Thankfully this was trivial in my case: there is only one argument to blk_mq_start_request
: struct request *rq
and therefore I need to use arg0
. If there were further arguments to blk_mq_start_request
they’d be arg1
to argN
.
Sadly though you can’t simply use arg0
in our case in a printf()
call in bpfrace
without further casting it to something useful, or you’ll get an error. If you want to access data structures like struct request
, you need to tell bpftrace
about them first. Arguments to kernel functions using primitive data types (int, long, etc) can be used straight away in printf()

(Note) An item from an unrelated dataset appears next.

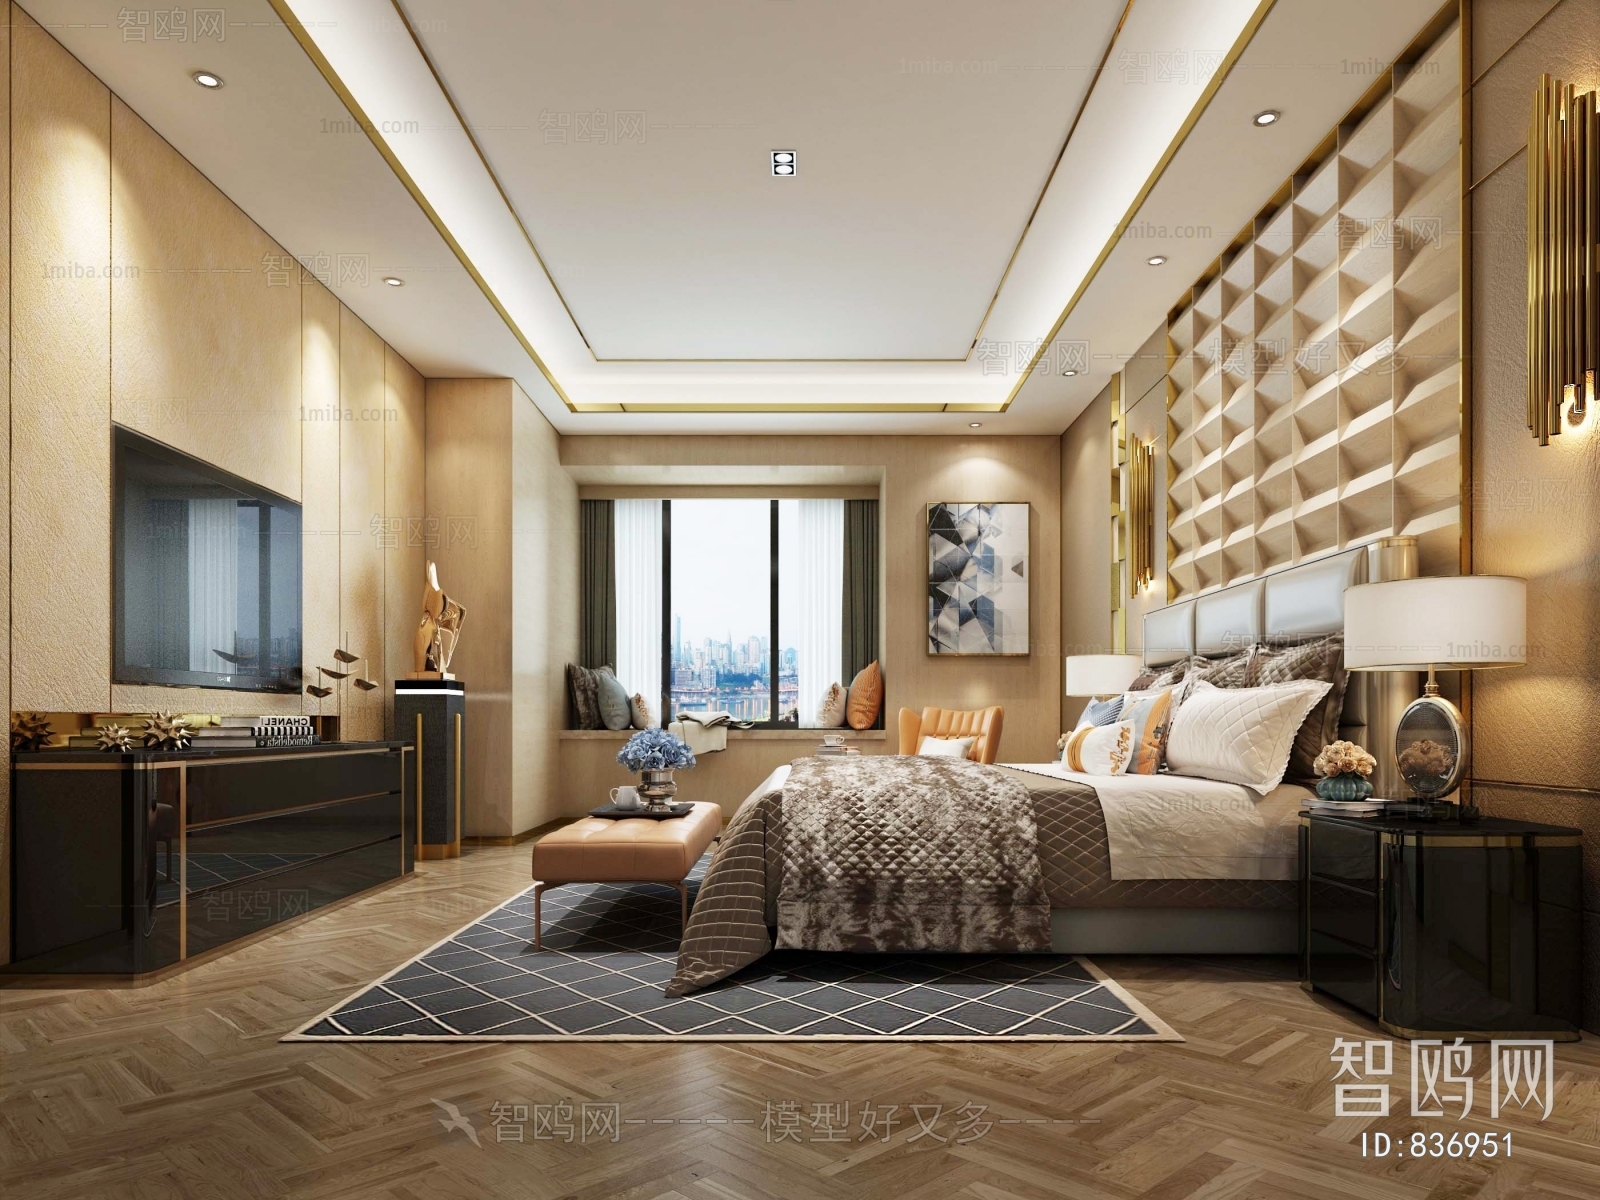 Hong Kong Style Bedroom
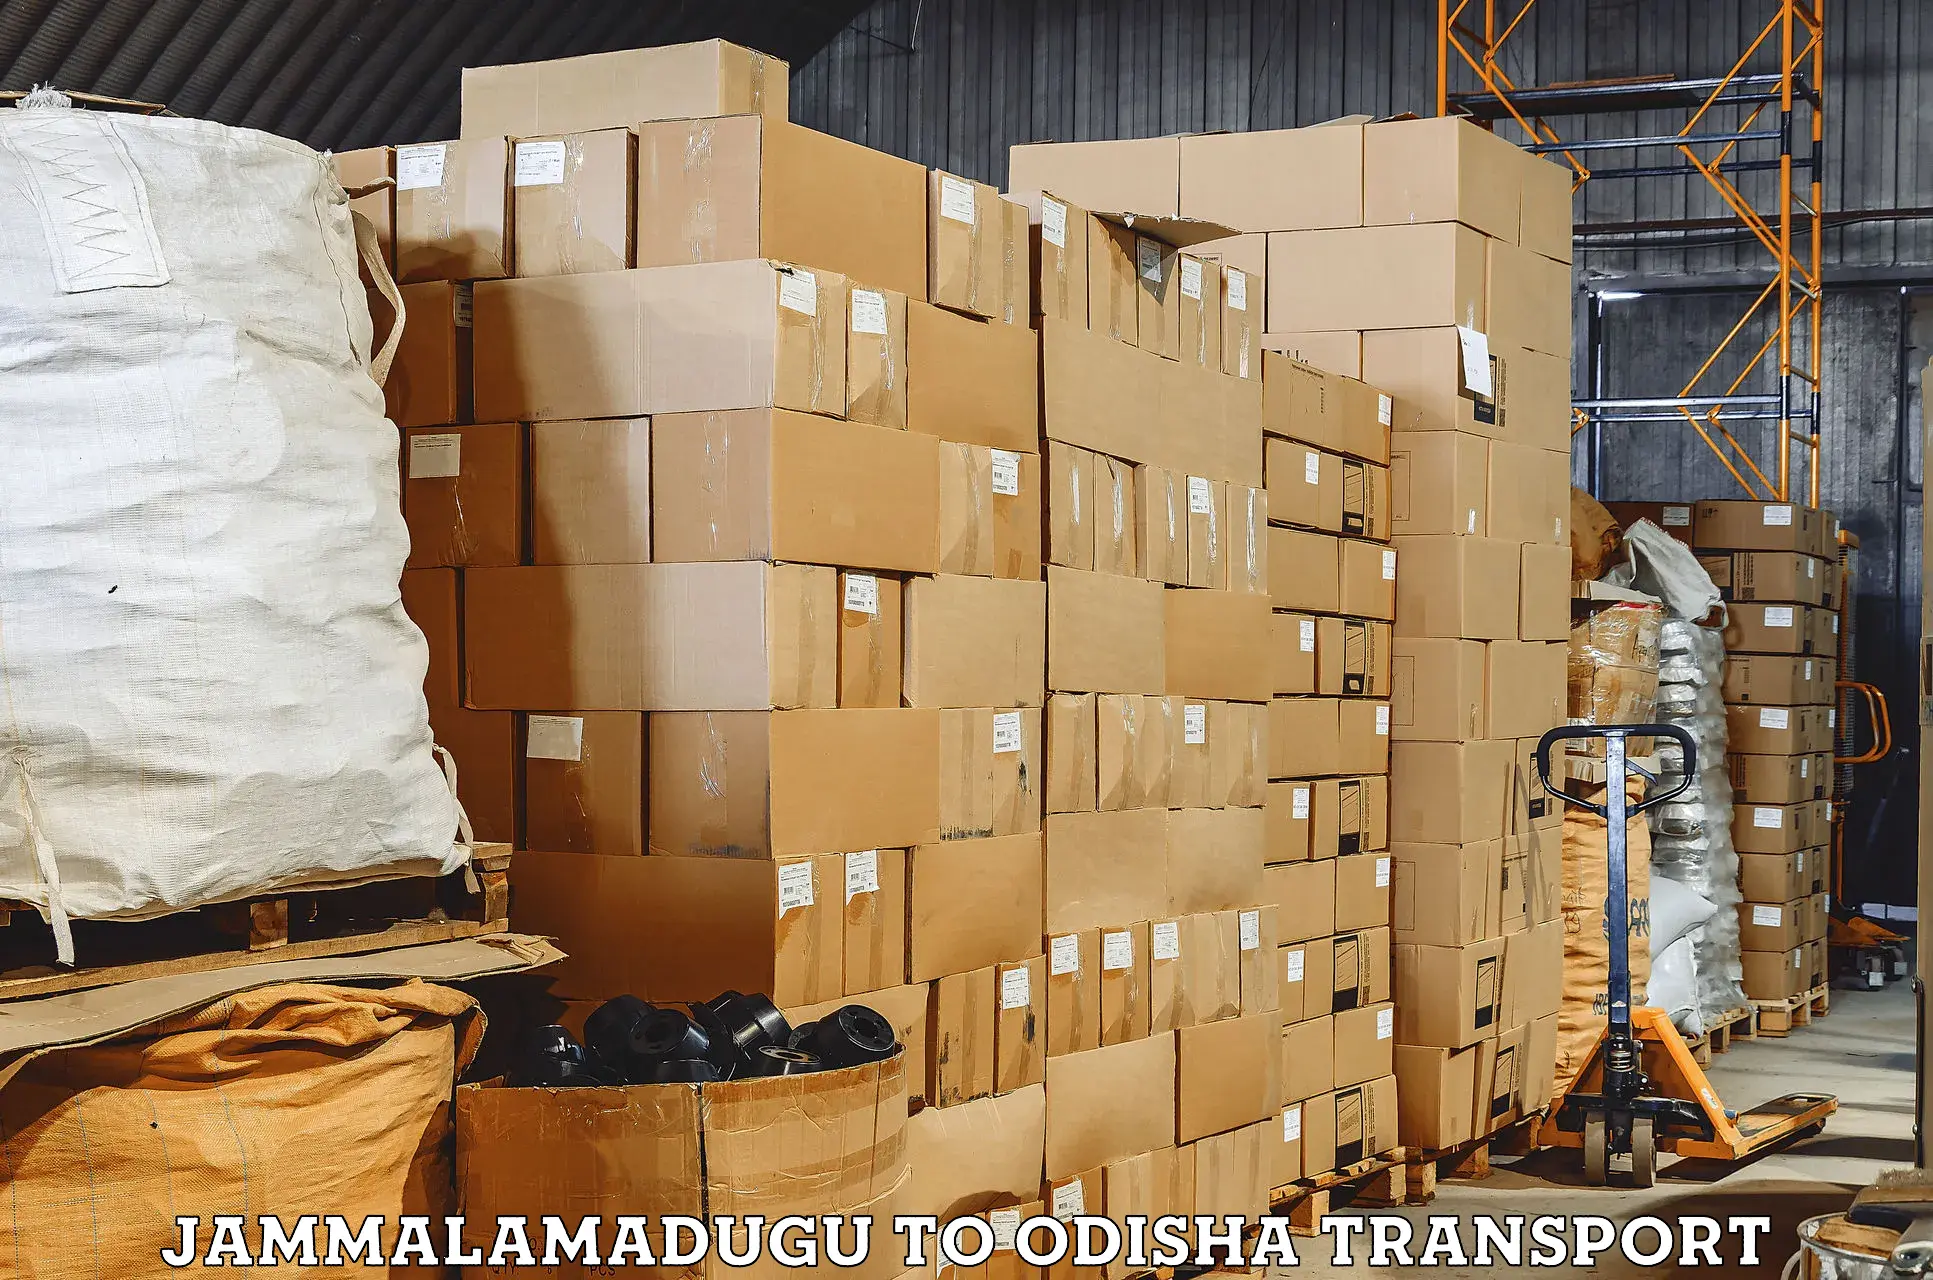 Air freight transport services Jammalamadugu to Dhamara

. With that in mind, the following little script should do the trick:
[opc@oracle-19c-fs ~]$ cat blkmq.bt #include <linux/blkdev.h> kprobe:blk_mq_start_request { printf("comm: %s, data len: %d\n", comm, ((struct request *)arg0)->__data_len ); }
It’s actually as simple as it looks, the only issue I faced was making the struct known to bpftrace
. This is what happens:
- The
#include
directive tellsbpftrace
aboutstruct request
inlinux/blkdev.h
- The probe definition (just 1, I wanted to test the concept) is the same as in
biotop
firing onblk_mq_start_request()
- The action is a simple print command, reporting the process (
comm
is a built-in variable) and the__data_len
I shouldn’t access directly - It requires the struct definition as well as the cast to
struct request *
to get hold of the__data_len
field
Please remember the warnings about tracing/profiling and production use. Also be aware that kprobes are considered an unstable interface, the use of tracepoints is preferred.
The bpftrace
script fires far too many times; in other words it’s pretty useless apart from testing whether I can get the data length from the request pointer, but it proves the concept:
[opc@oracle-19c-fs ~]$ sudo bpftrace blkmq.bt Attaching 1 probe... comm: ora_dbw0_orcl, data len: 16384 comm: ora_dbw0_orcl, data len: 16384 comm: ora_dbw0_orcl, data len: 16384 comm: ora_dbw0_orcl, data len: 8192 comm: ora_dbw0_orcl, data len: 8192 comm: ora_dbw0_orcl, data len: 8192 comm: ora_dbw0_orcl, data len: 8192 comm: ora_dbw0_orcl, data len: 8192 comm: ora_dbw0_orcl, data len: 8192
And … voila! The probe fired, my printf()
statement showed the requested I/O size so something else must have been wrong with biotop
as shipped with bcc-tools-0.16.0-3.el8.x86_64
. And sure enough, after grabbing the latest bcc tools from github, biotop
showed proper values in the kbytes column.